Мне ли не знать этой песни, нежного и задорного гимна золотых акуловских дней! Не замолкая, звучала она в дачном саду, на реке, в поле, по дороге в лес…
— Знаю, — сказал я, — да нельзя мне.
— Это почему же? Петь каждому можно.
— Слуха совсем нет.
— Беда! Не люблю, кто не поет. А ты бы хоть сам с собой пел, — попросила она.
— Я пою. Сам с собой я всегда пою!
— Ну и правильно! А меня стесняться нечего. Подпевай. «Си-ре-ень цвете-от!..» А, черт!..
Она сильно оступилась, еще раз оступилась, захромала и остановилась, как-то странно согнув ногу:
— Каблук, будь он неладен!..
У нее сломался каблук. Она попыталась приладить его, опершись о мое плечо, но ничего не получилось. Тогда она совсем оторвала каблук и отшвырнула прочь:
— Вот так всегда у меня! Только чего заладится… Плевать, как-нибудь дотрюхаем.
Мы заковыляли дальше, и тут наперерез нам из переулка вышел пожилой человек в прорезиненном плаще, сапогах и суконной фуражке.
— Эй, дядя! — окликнула его женщина. — Тебя-то и надо! Проводи мальчонку!

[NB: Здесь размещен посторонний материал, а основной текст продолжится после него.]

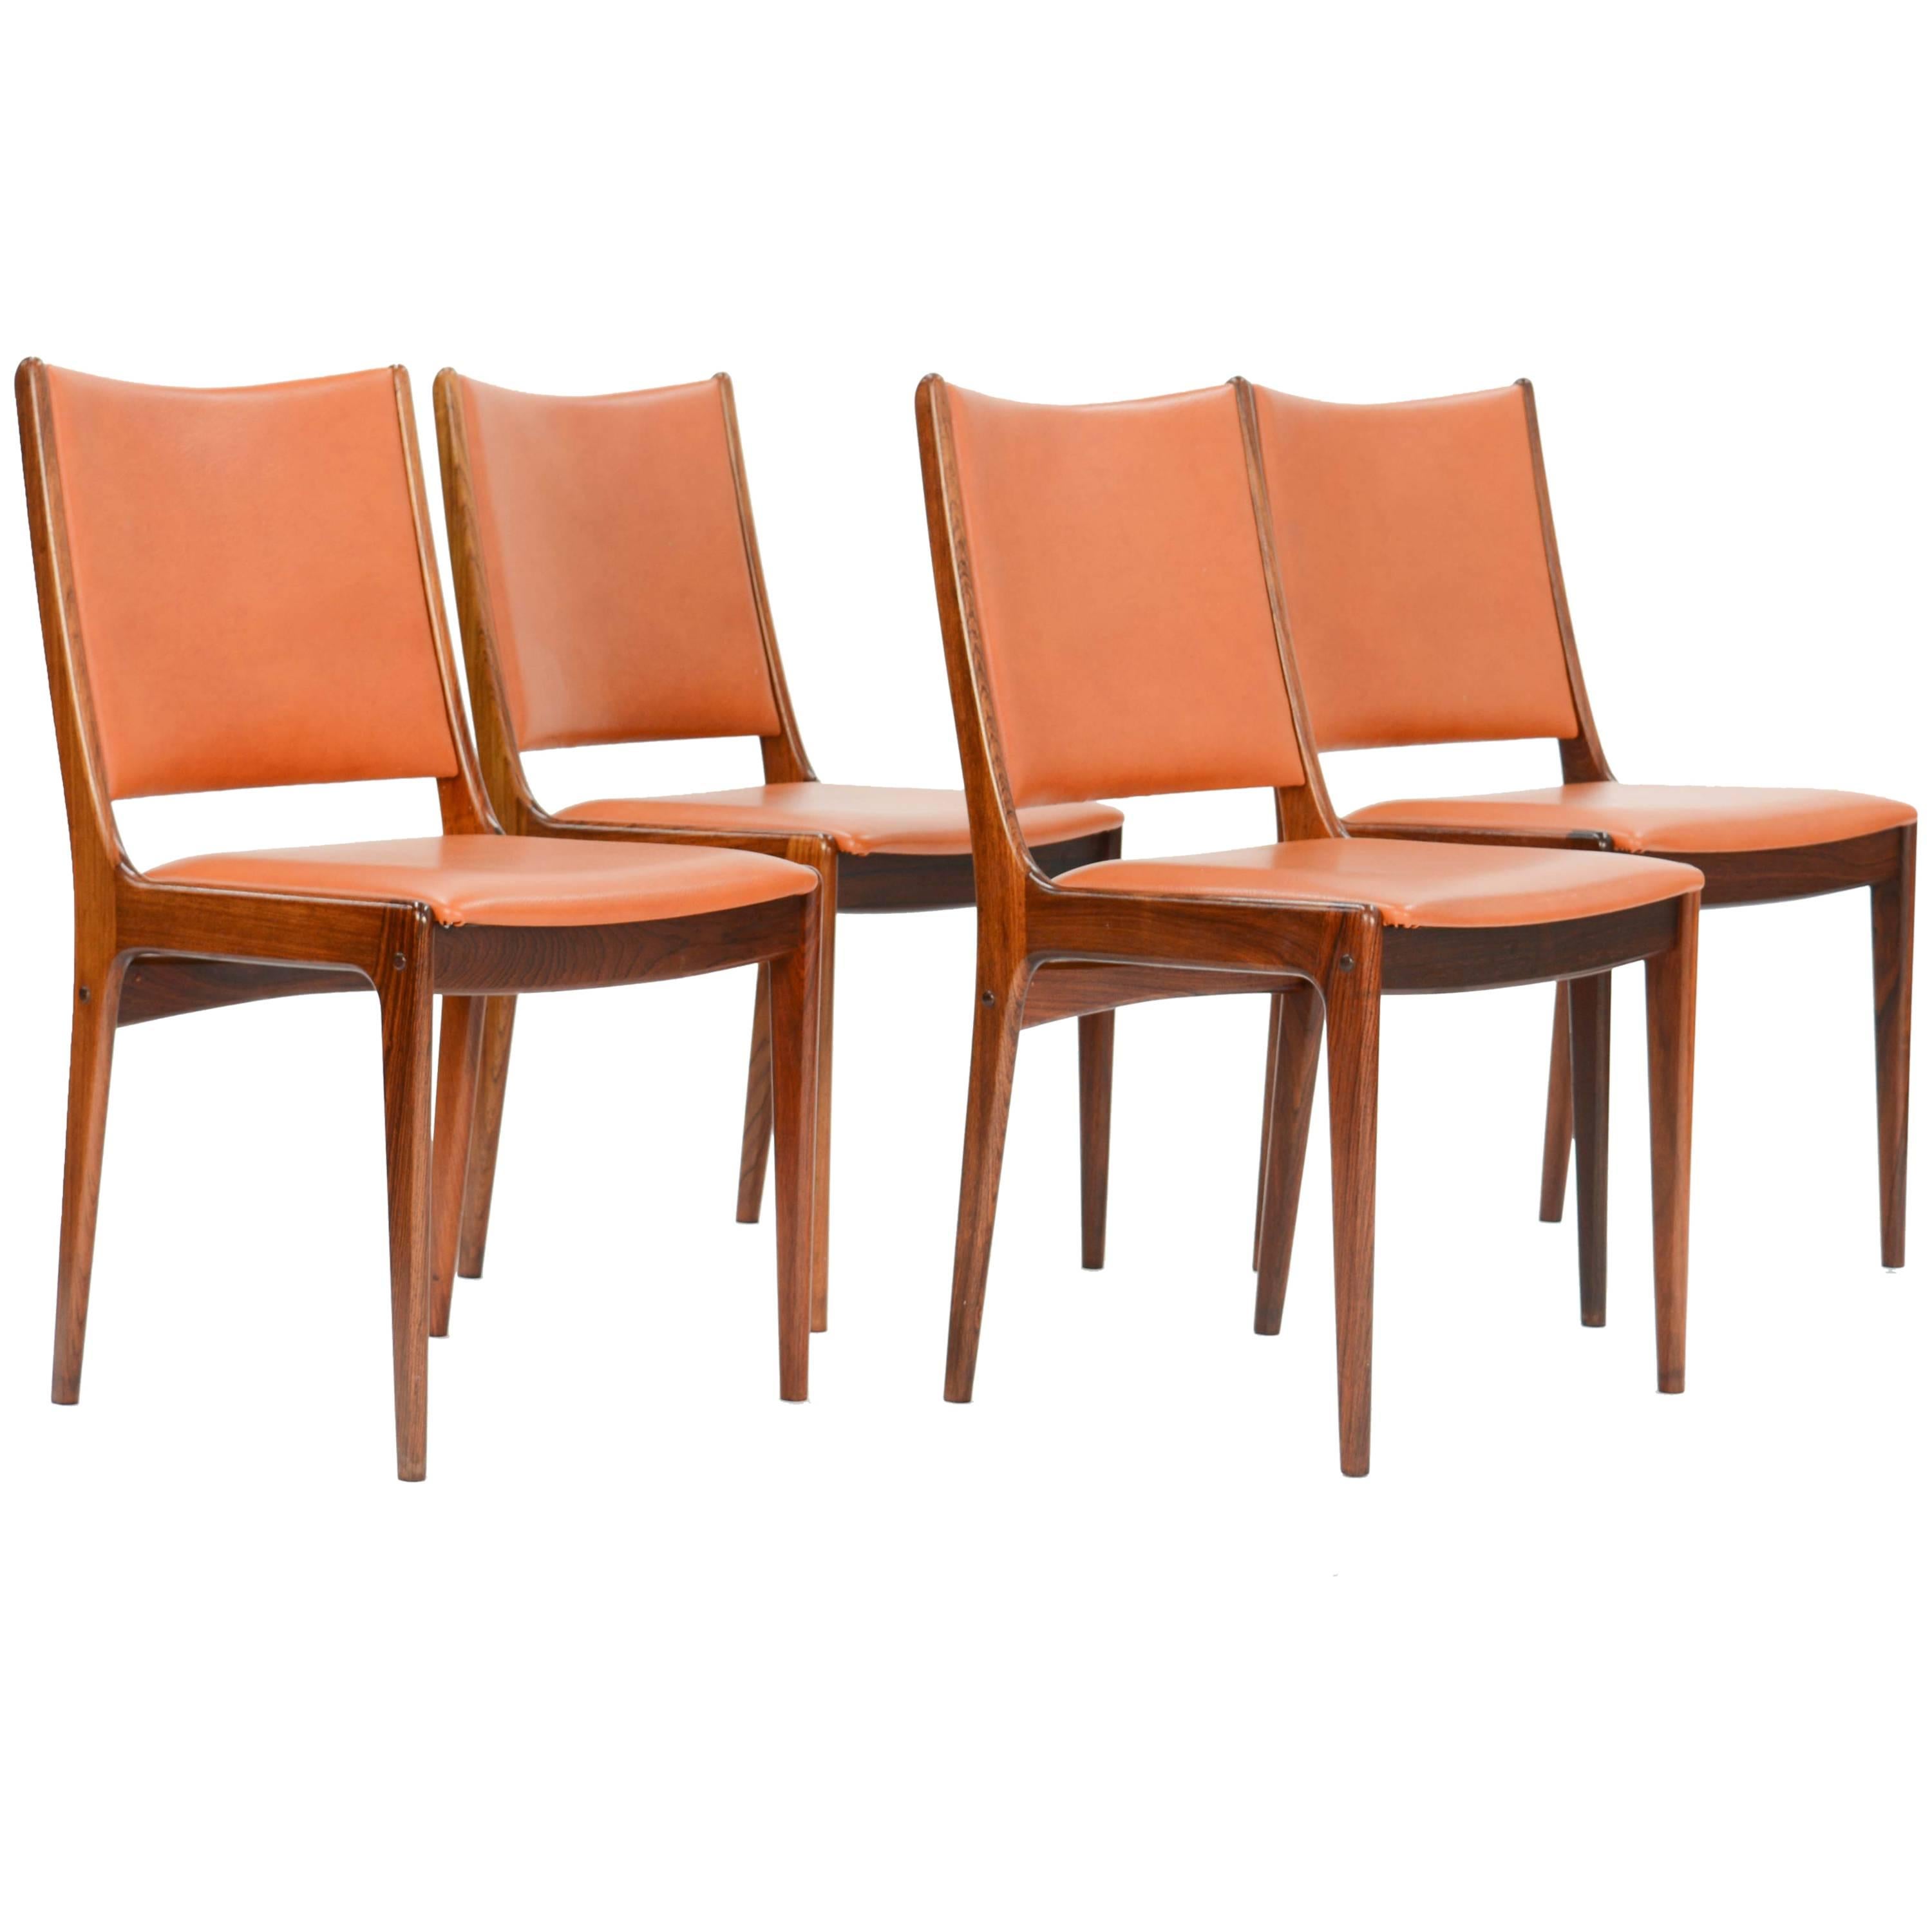 Set of Four Rosewood Side Chairs by Johannes Andersen for Uldum Møbelfabrik
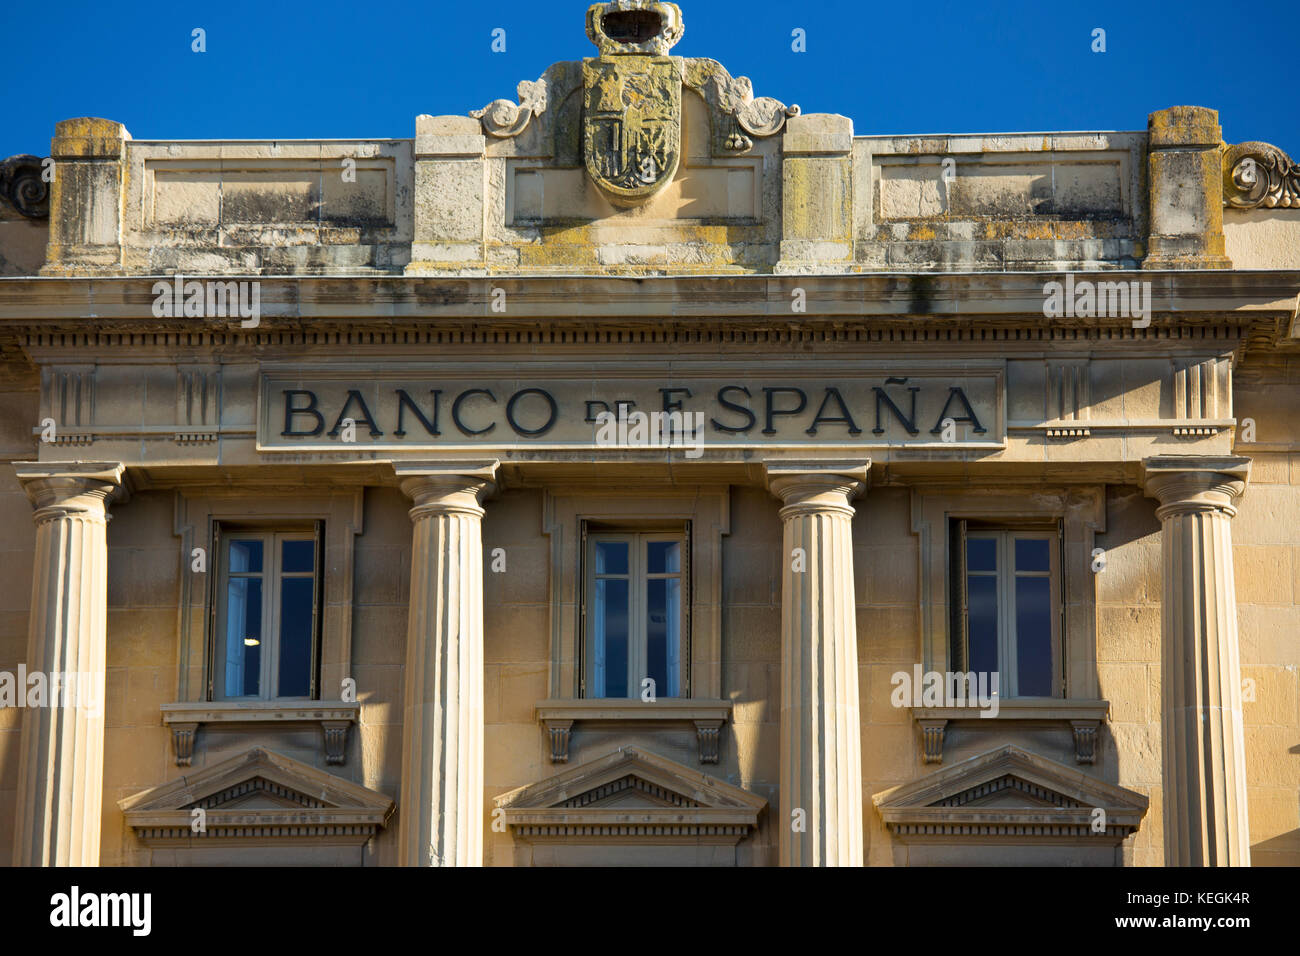 Bank of Spain, Banco de Espana, traditional architecture in the town of Haro in La Rioja province of Northern Spain Stock Photo

Человек остановился. Под крепко пахнущим резиной плащом виднелась военная гимнастерка. Сапоги на нем были старого фасона: высокие, по самую коленную чашечку, и в обтяжку, что подчеркивало кривизну тонких ног.
— Нечего ему по улицам шляться. Спать надо!
— Да заблудился он. Ему на Покровку, — пояснила женщина. — Доведешь?.. — Она наклонилась ко мне, и я снова почувствовал конфетный запах вина. — Ну, прощай!.. А смешно — сколько лет пройдет, ты вырастешь, станешь большим и никогда больше меня не увидишь. И я тебя не увижу. Понимаешь? Мы никогда, никогда с тобой не увидимся. Ни-ко-гда!..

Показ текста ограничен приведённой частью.